In the records below, repeat word for word only the lines starting at the one that contains "Women's Cross Country" and ending at the one that contains "Feminism should be", pictures excluded.

**Input data**
□ □ □ □
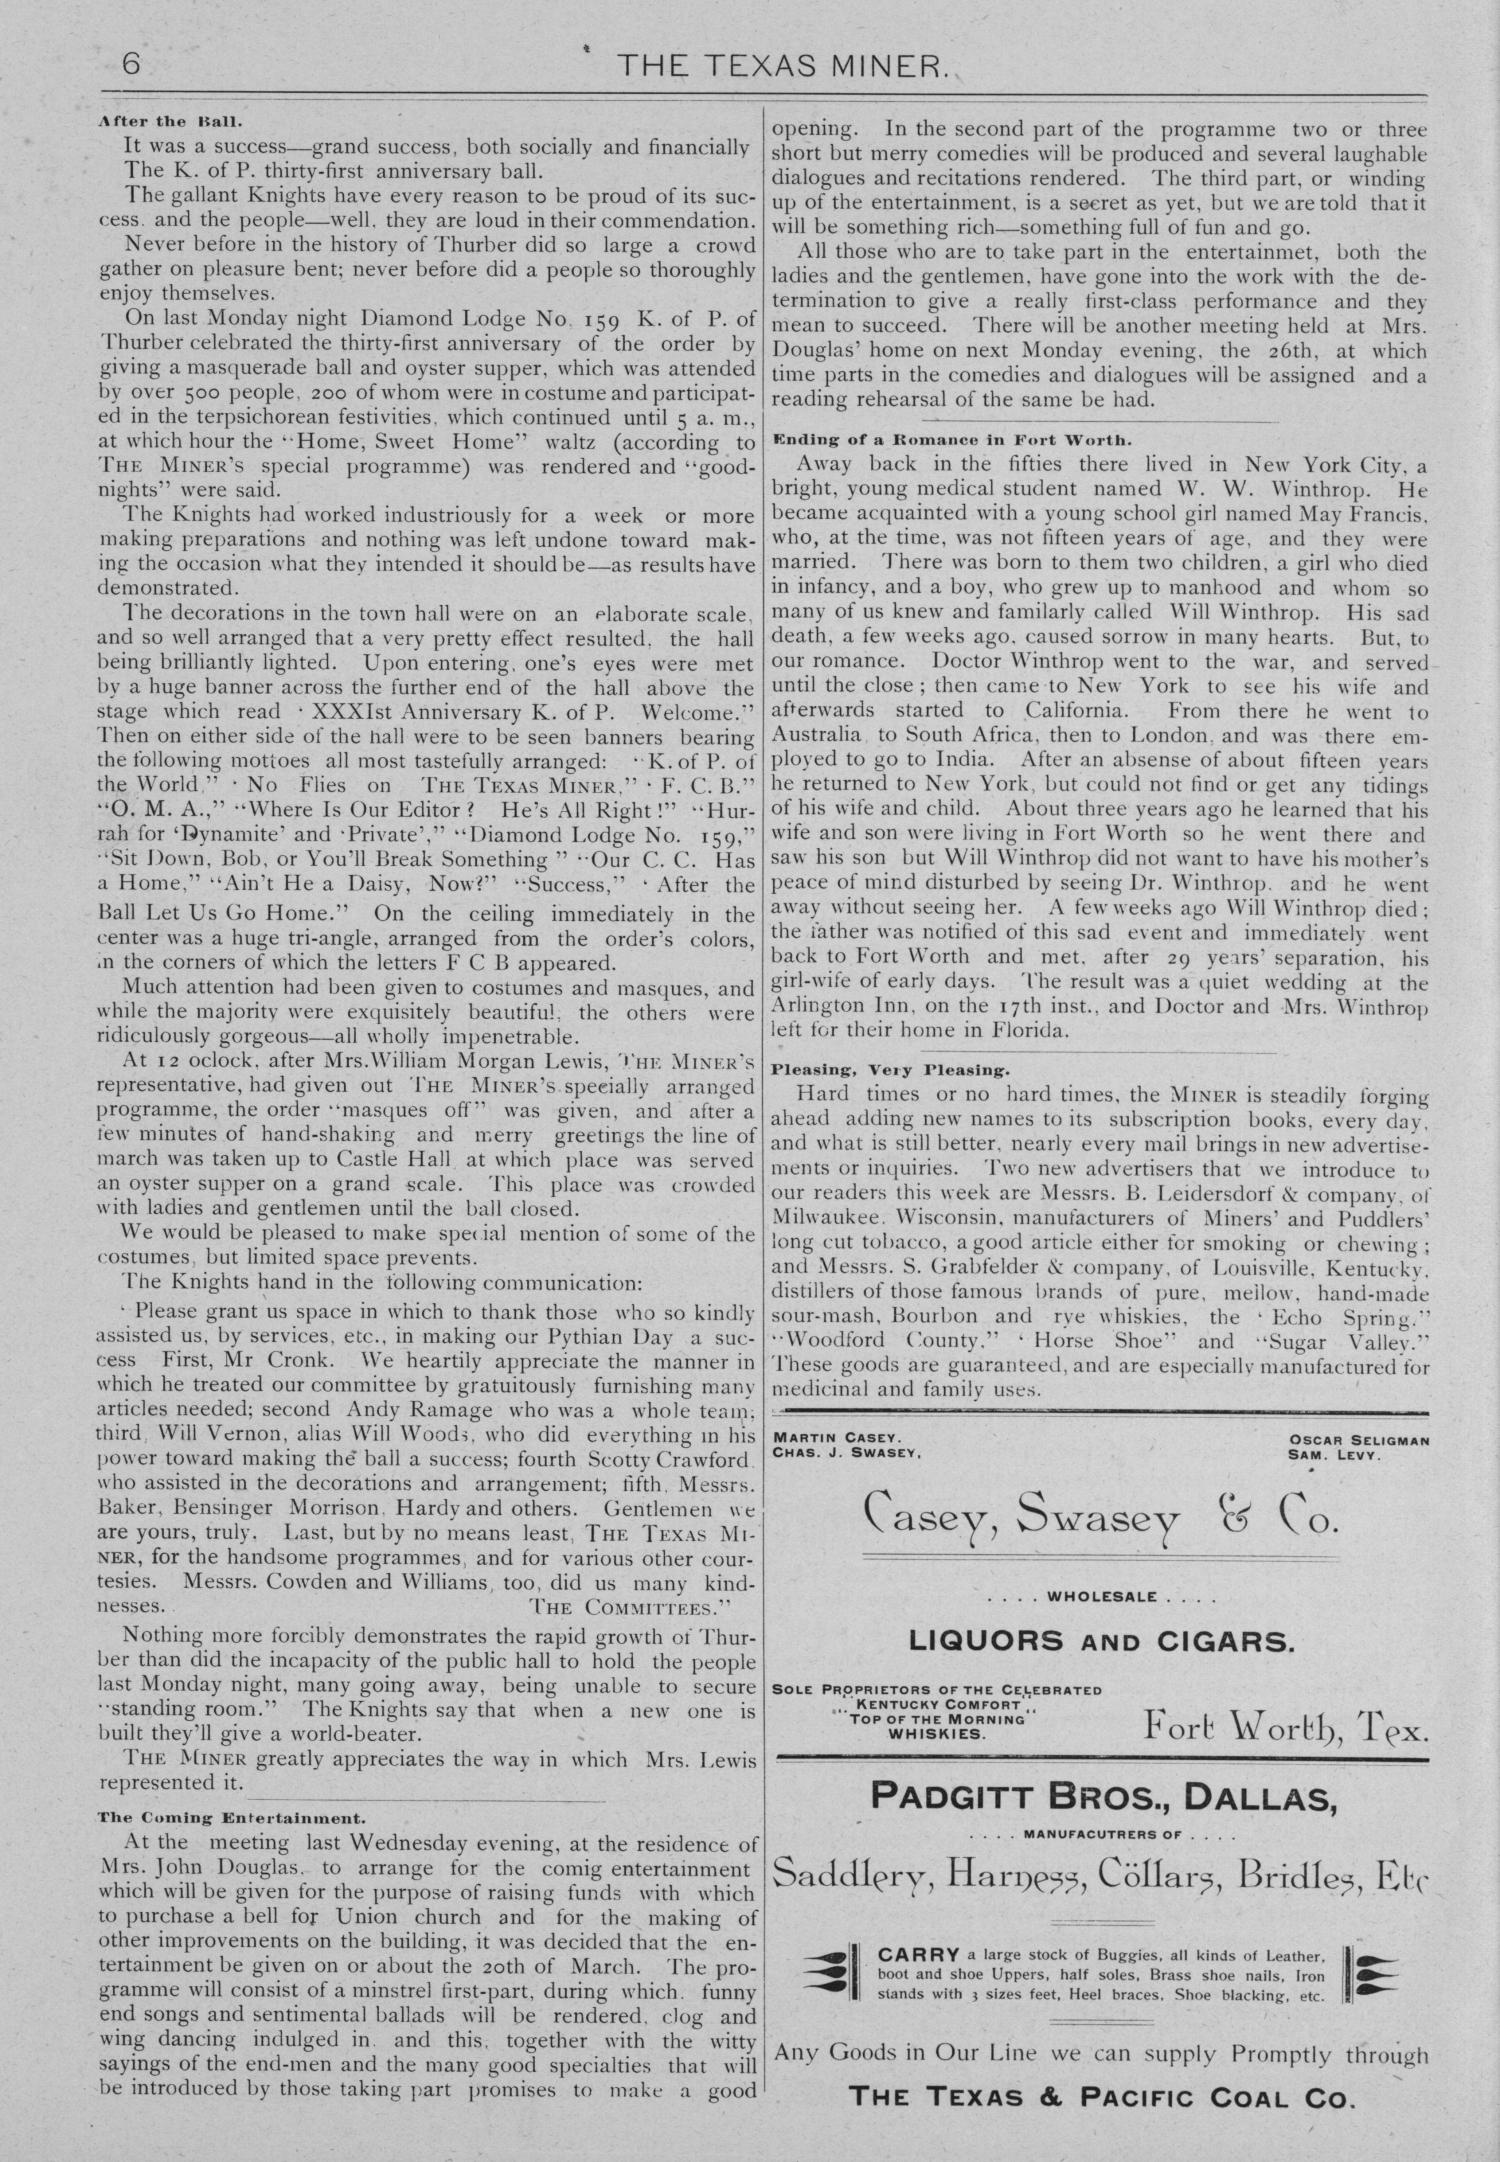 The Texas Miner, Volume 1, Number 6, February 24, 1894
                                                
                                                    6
□ □ □ □
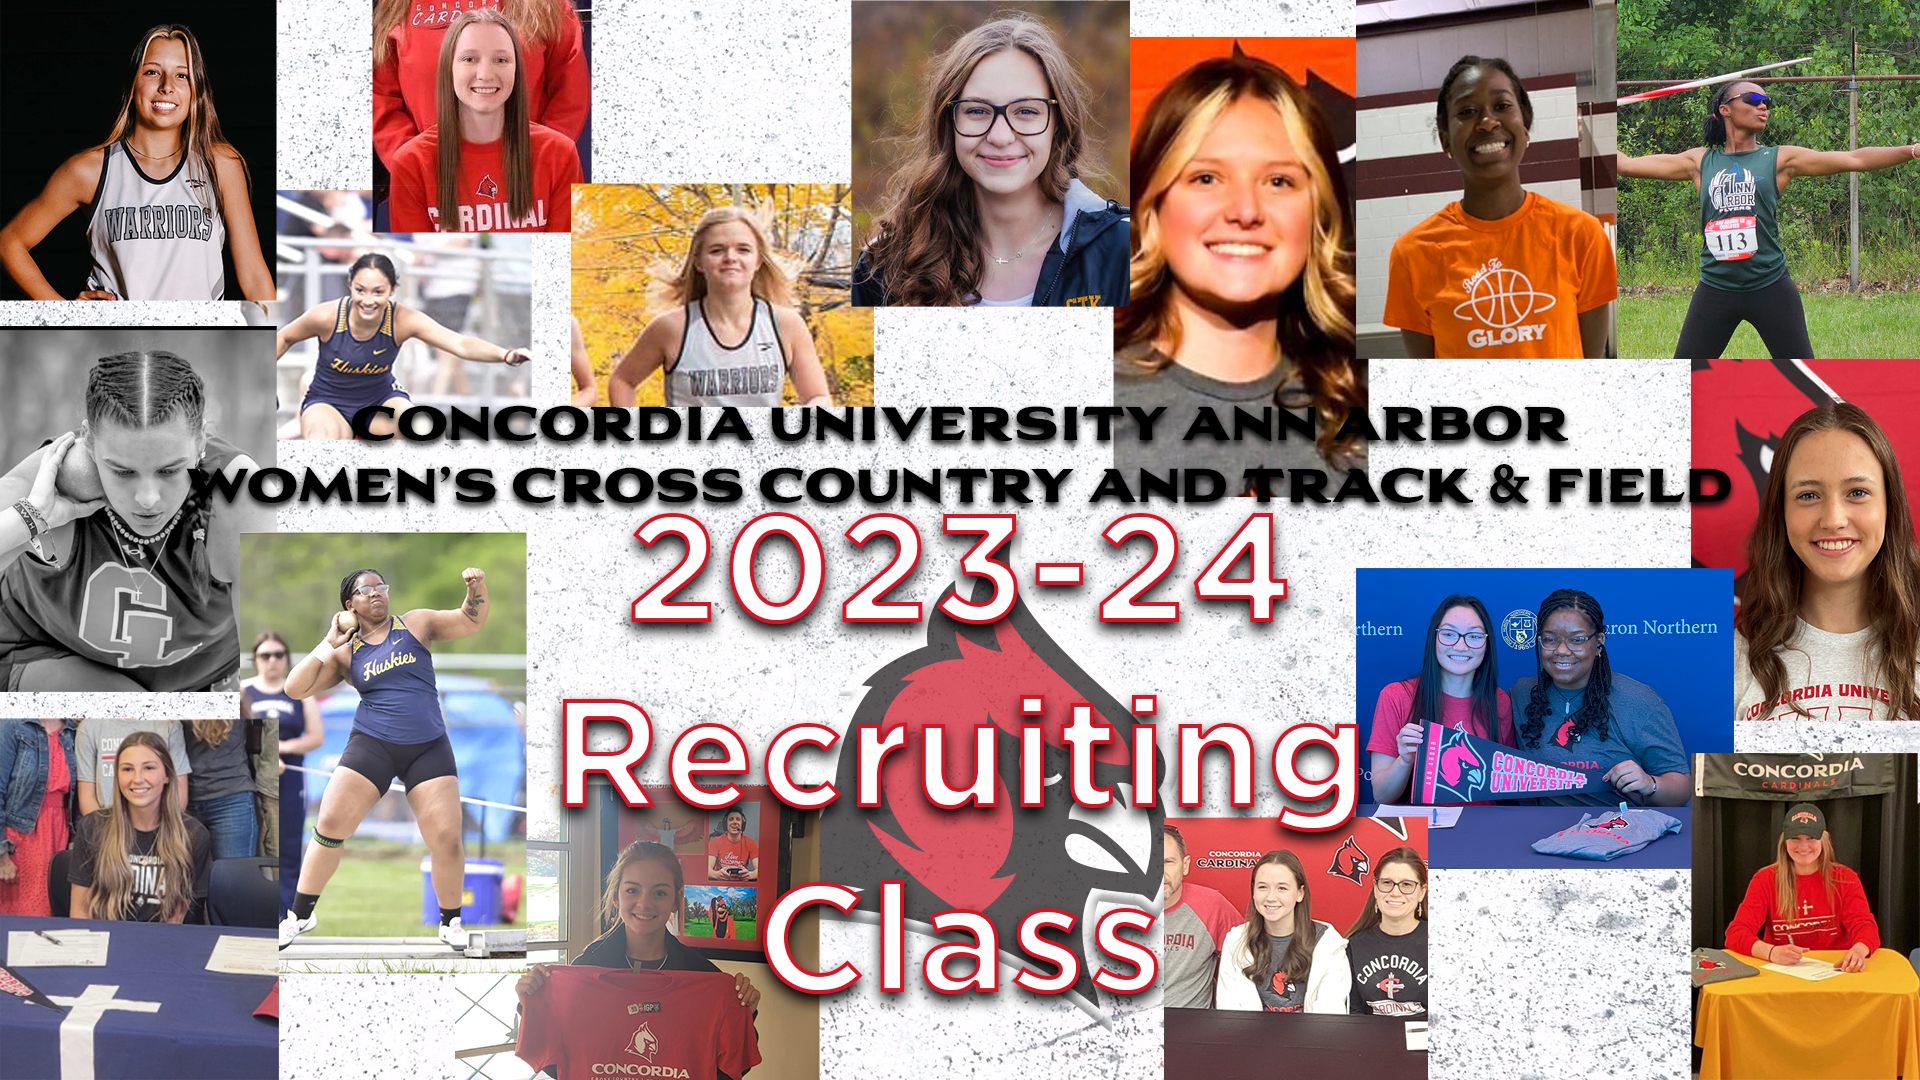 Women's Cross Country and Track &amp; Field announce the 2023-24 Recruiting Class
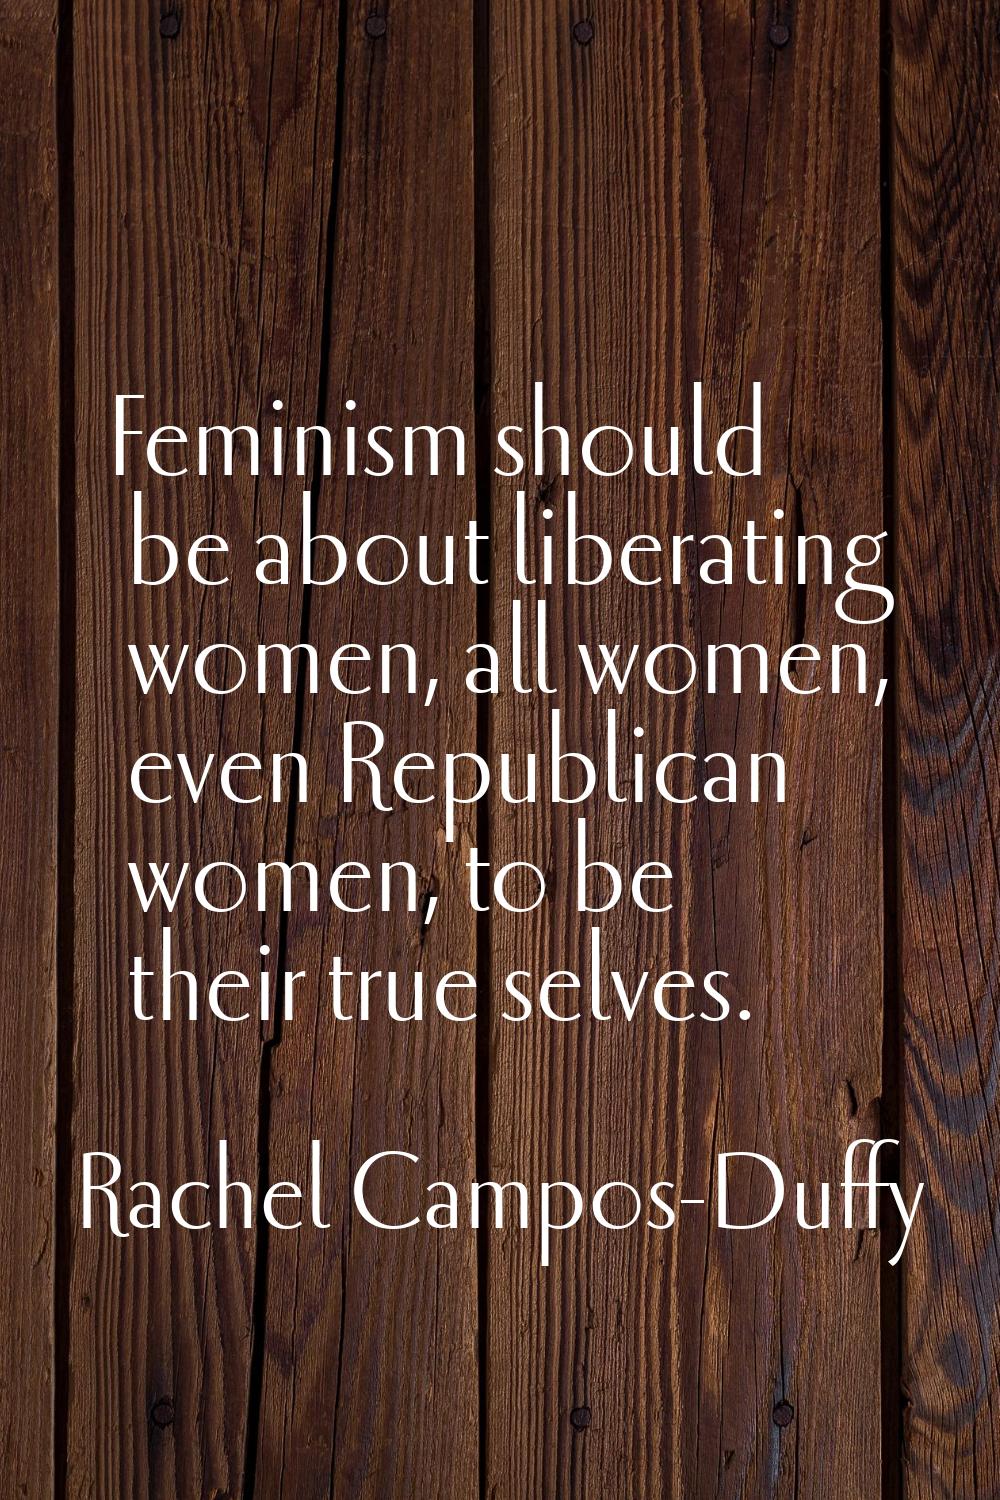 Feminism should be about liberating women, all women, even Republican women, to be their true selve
□ □ □ □
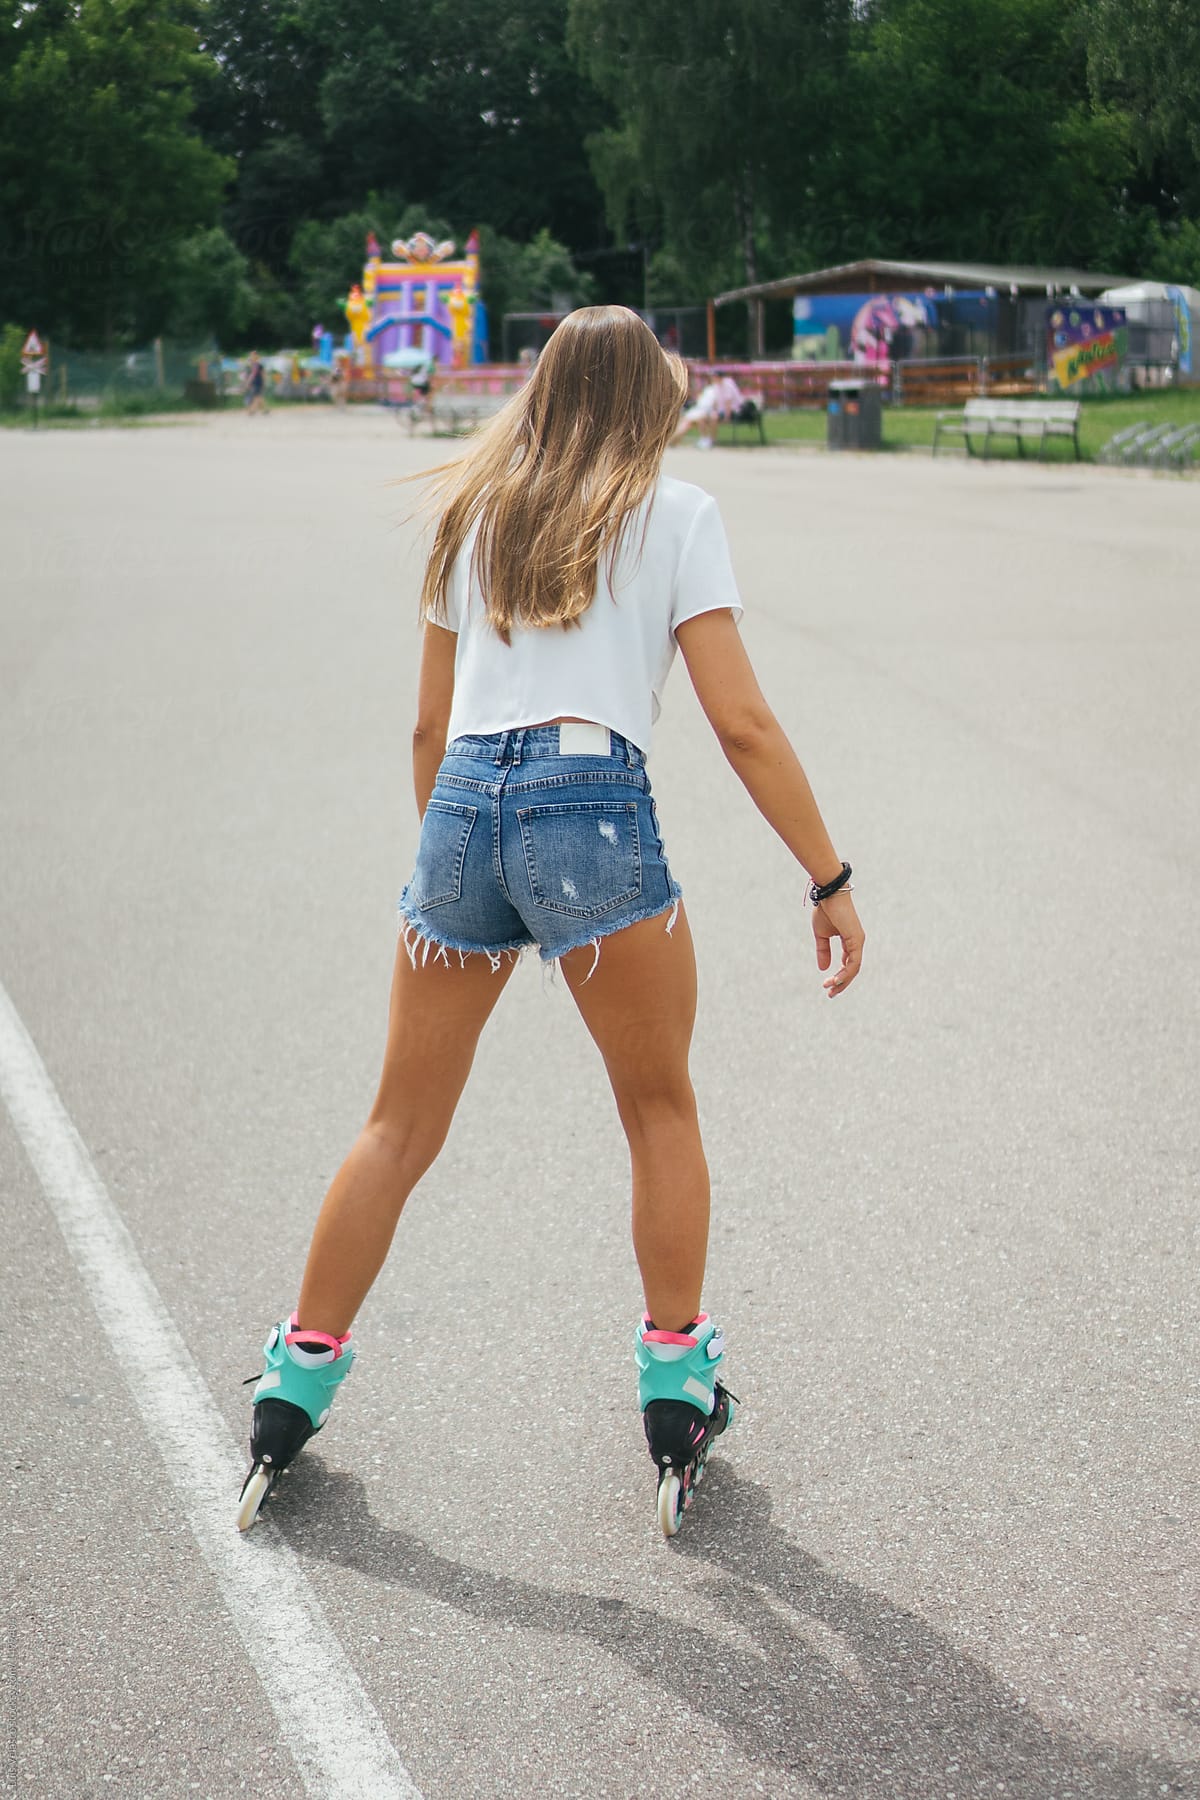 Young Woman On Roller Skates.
□ □ □ □
**Solution to the exercise**
 Women's Cross Country and Track &amp; Field announce the 2023-24 Recruiting Class
 Feminism should be about liberating women, all women, even Republican women, to be their true selve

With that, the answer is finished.